Агафангел вновь вчитывается в запись, набросанную торопливо, полууставом:

«…Князь Михайло испроси себе в Орде ярлык на великое княжение и пойде на Русь. Слышав же то, великий князь Дмитрий Иванович не только не восхотел уступить ему великого княжения, но и заставы разослал на все пути, хотел изымати его; и много гоняще, но не настигоша его, а он бежал опять в Литву. Toe же осени и зимы тое по многи ночи были знамения на небеси: аки столпы по небу и небо аки кроваво, от того же и снег видяшеся, аки кровию полит.

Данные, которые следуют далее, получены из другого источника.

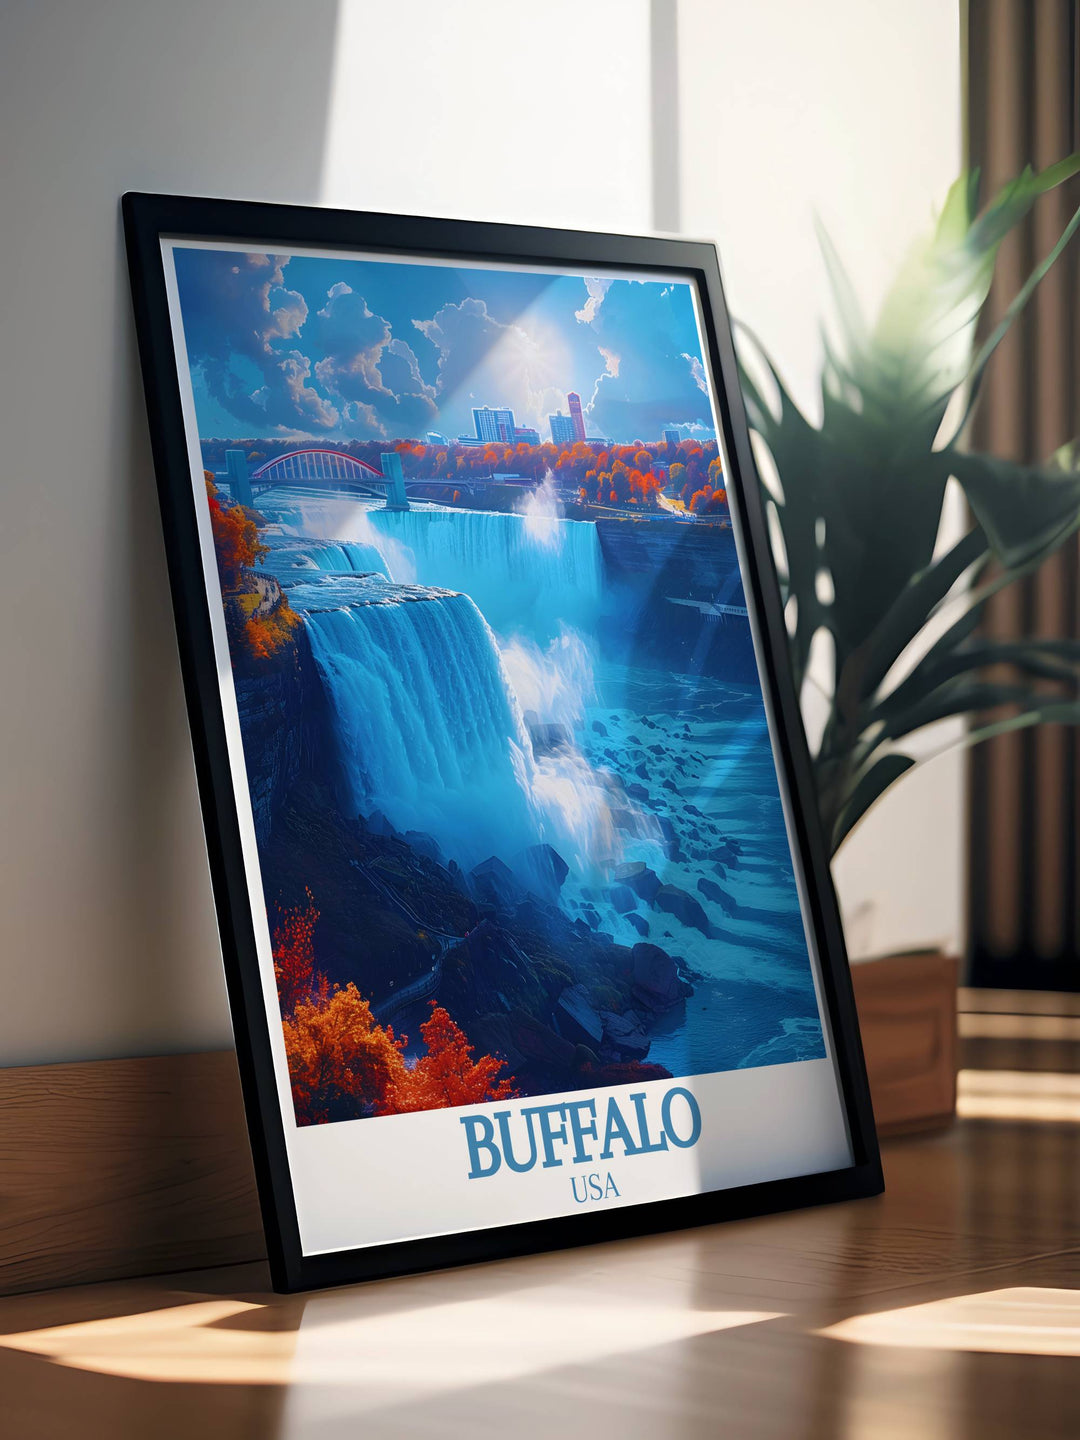 Niangara Falls home decor print and Buffalo skyline artwork capturing the essence of the citys beauty ideal for creating a stylish and sophisticated atmosphere in any space

Князь же Михайло прибег в Литву и начал намолвливать великого князя Ольгерда, зятя своего, дабы мстил за него великому князю Московскому. Ольгерд же послушал князя Михайлу и пойде в другий ряд в силе тяжкой, с ним же брат его Кейстутий и все князи Литовские и князь Святослав Смоленский и князь Михайло с тверичи. Прииде Ольгерд со всеми силами ко граду Волоку, и, Волока не взяв, пойде от него на Москву и пришел и встал около Москвы декабря шестого на Николин день; а князь великий Дмитрий Иванович затворися во граде…»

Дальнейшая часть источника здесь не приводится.